2. The road shall be for you a means of communion between people and not of mortal harm.
3. Courtesy, uprightness and prudence will help you deal with unforeseen events.
4. Be charitable and help your neighbor in need, especially victims of accidents.
5. Cars shall not be for you an expression of power and domination, and an occasion of sin.
6. Charitably convince the young and not so young not to drive when they are not in
a fitting condition to do so.
7. Support the families of accident victims.
8. Bring guilty motorists and their victims together, at the appropriate
time, so that they can undergo the liberating experience of forgiveness.
9. On the road, protect the more vulnerable party.
10. Feel responsible toward others.

DWI does not even garner a direct mention in the top 10. Where is the Italian MADD lobby?

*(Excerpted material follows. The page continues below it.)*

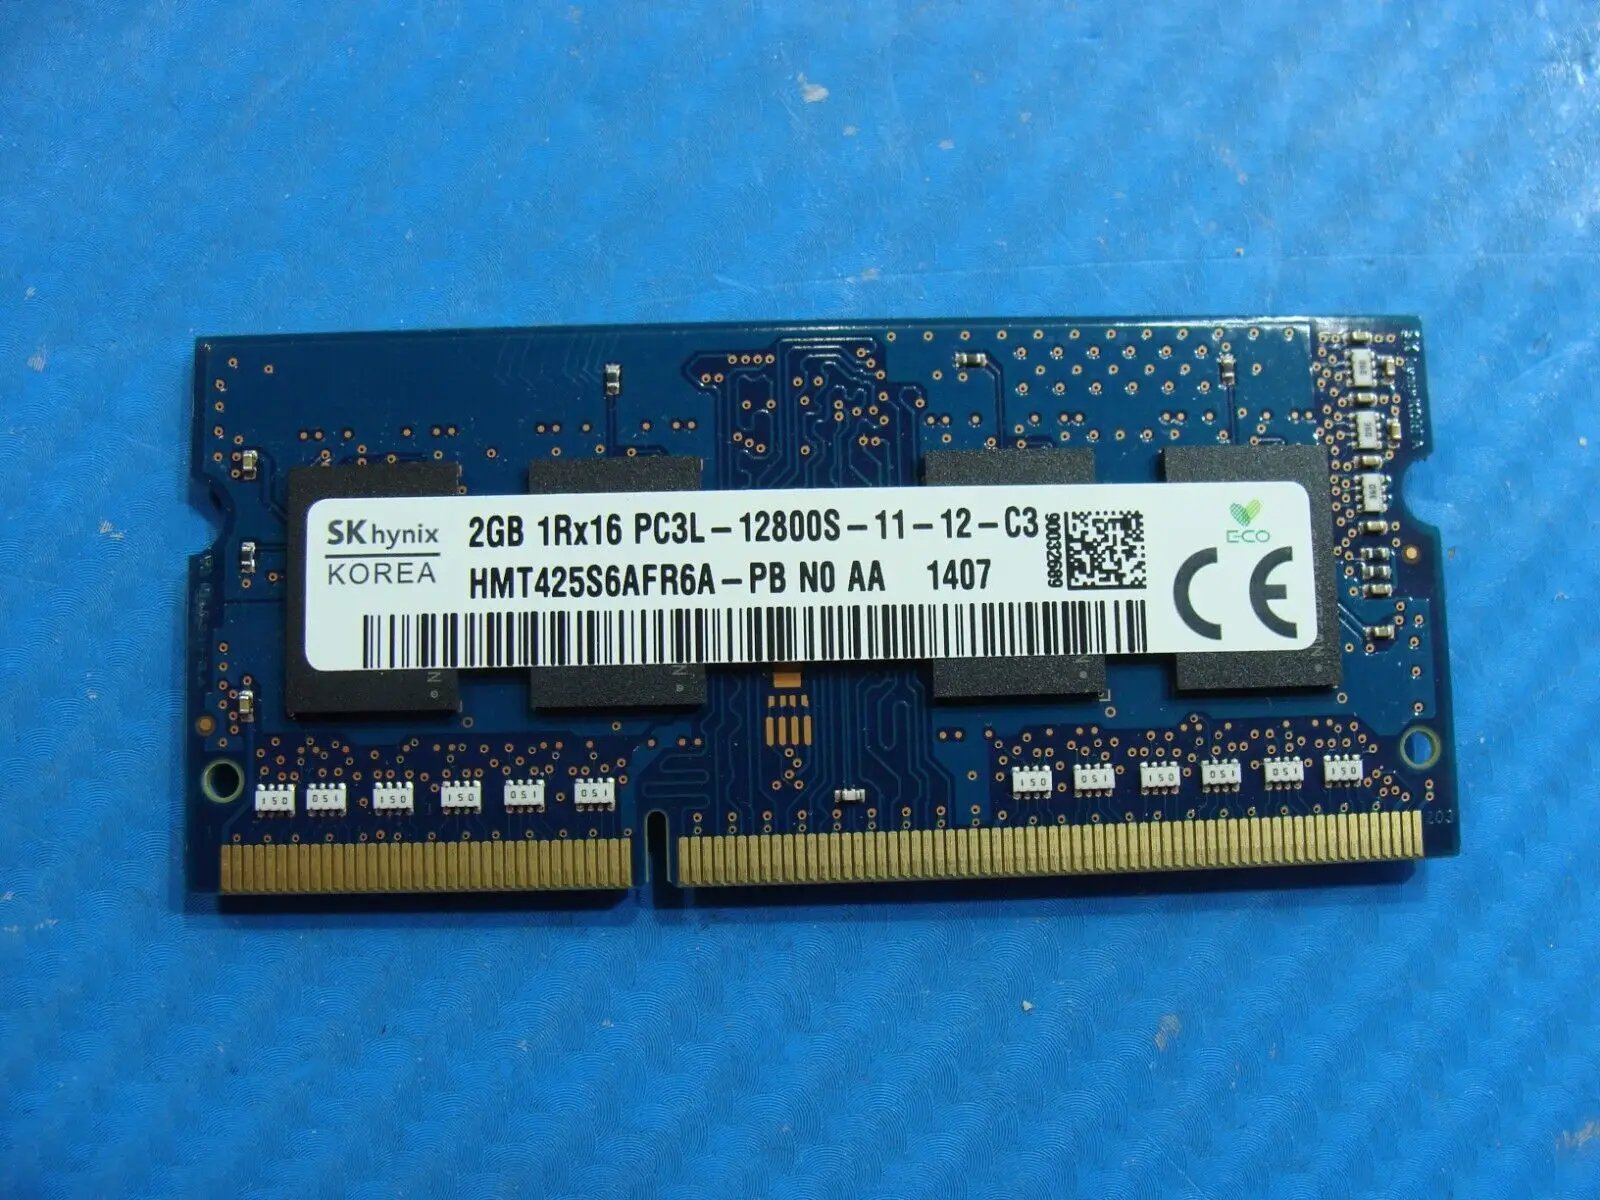 Toshiba E45t-A4100 SK Hynix 2GB 1Rx16 PC3L-12800S Memory RAM HMT425S6CFR6A-PB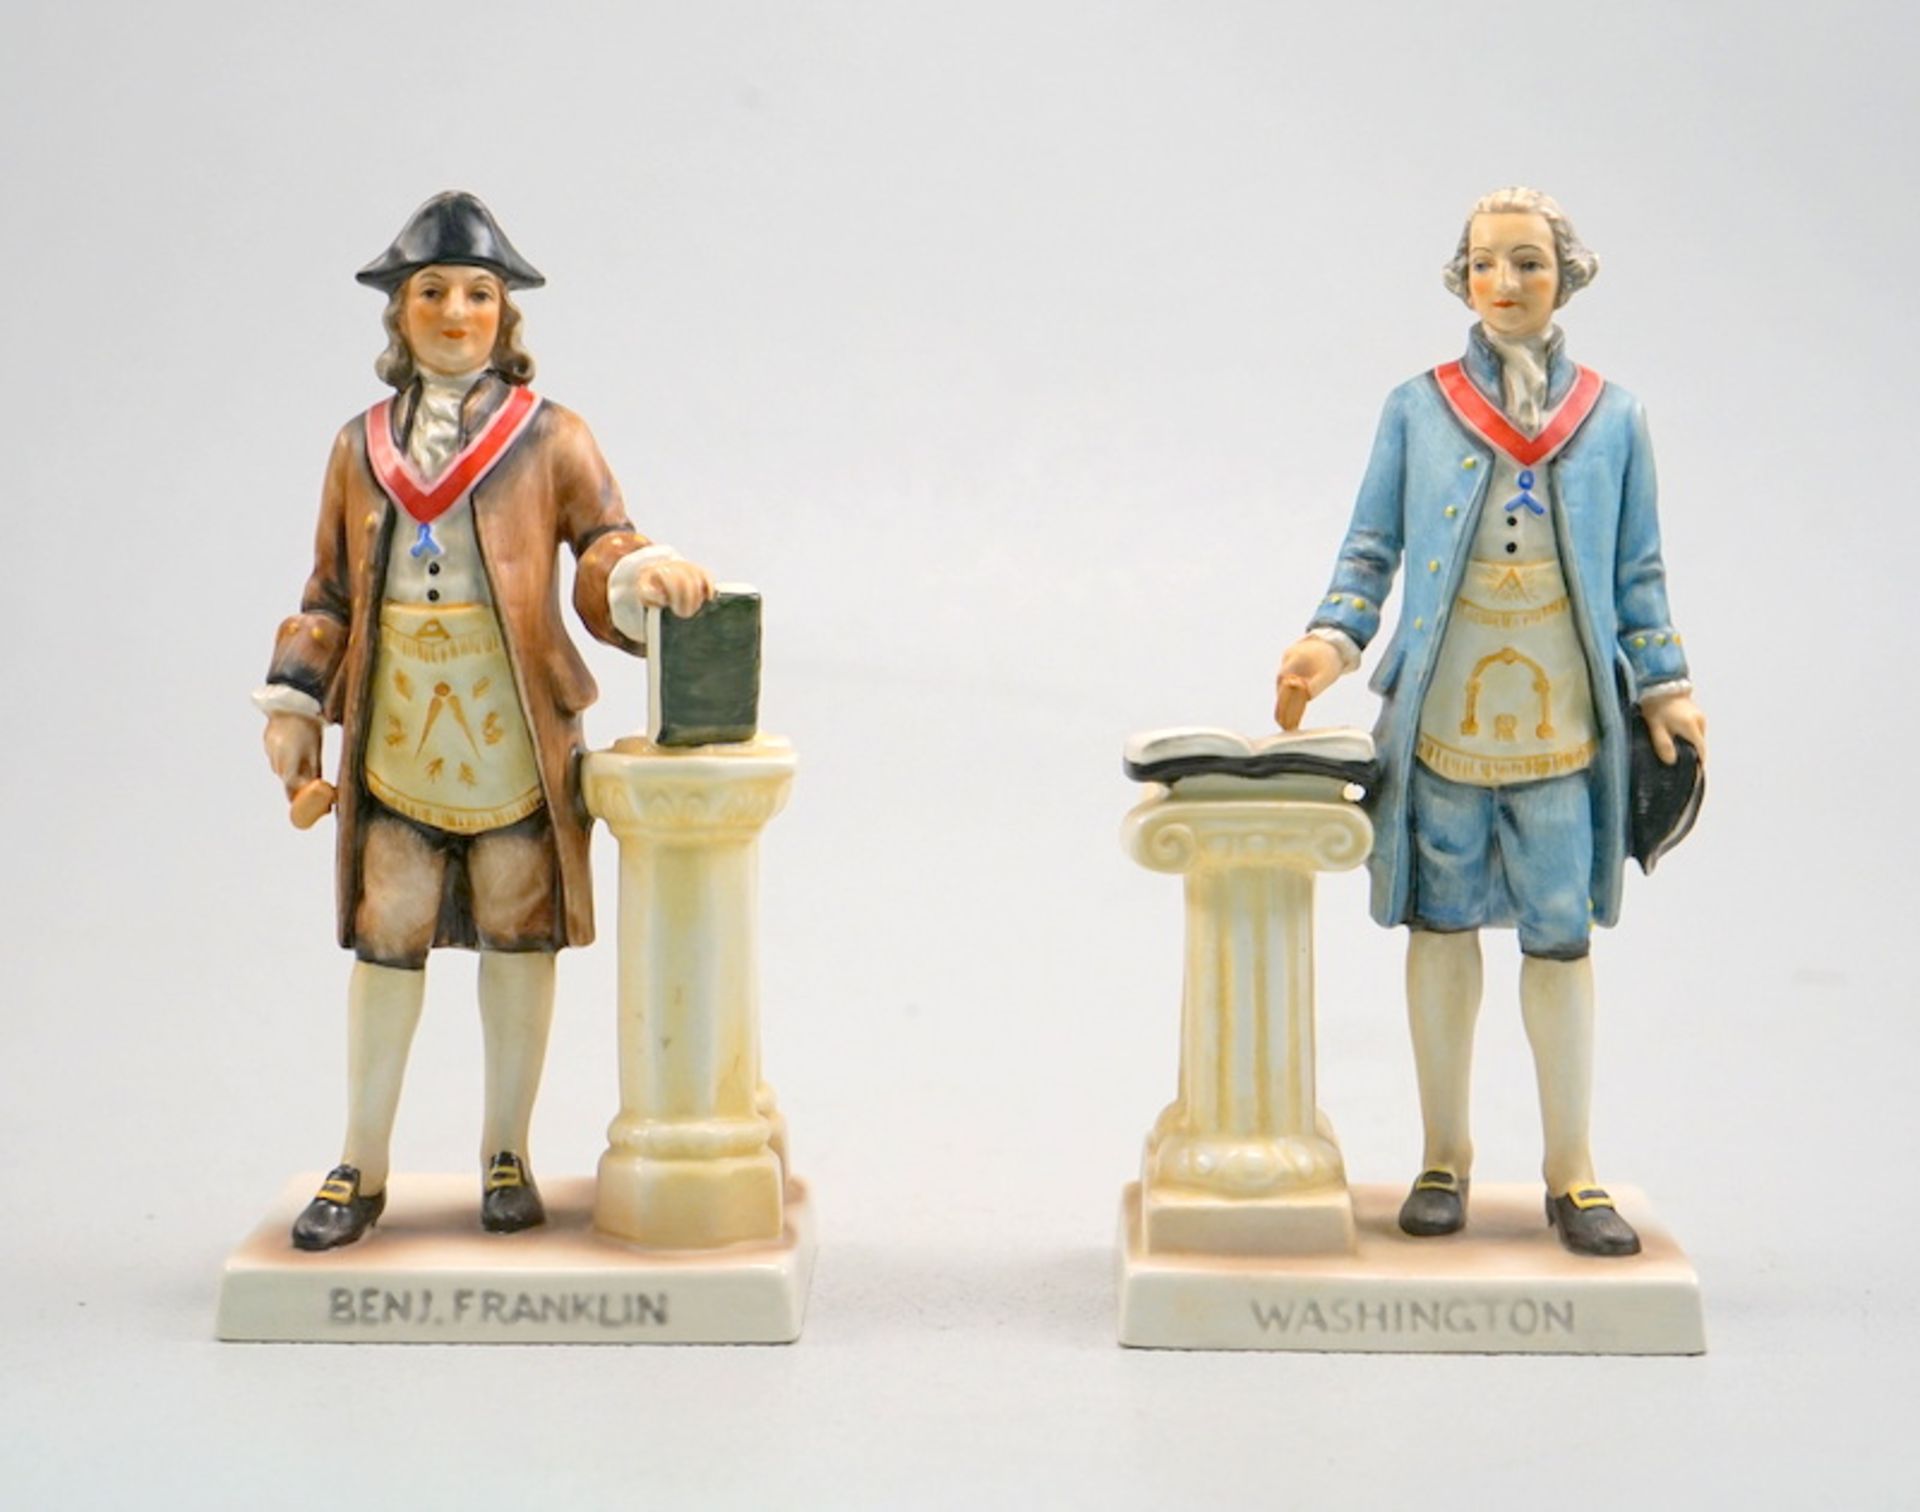 Goebel Porzellanfabrik (Aufglasurblaue Marke, 50er Jahre): Zwei Freimaurer Figuren Benj. Franklin

I guess number 5 could apply to DWI. Does “charitably convince” include arrest, incarceration, and ignition interlock?

7, 8, 10 seem to directly denounce stingy insurance companies who don’t help accident victims. I wonder if I can use that in my car accident practice?

In our case you have to read the dicta to find a direct mention of alcohol. The paper mentions that all those who enganger others on the road are gravely guilty, whether through drunkeness or love of speed.

Basically all careless driver’s are equally morally responsible for the accidents they cause. That is a good lesson. DWI accidents are accidents after all. The same type of accidents that are caused by changing the radio station, talking on your cell phone, eating in the car, daydreaming, driving too fast, etc.

I would argue that .08 is not a level of intoxication that endagers others and that the many drivers who drink are responsible and make it home without endangering anyone. That is probably why I am not Pope.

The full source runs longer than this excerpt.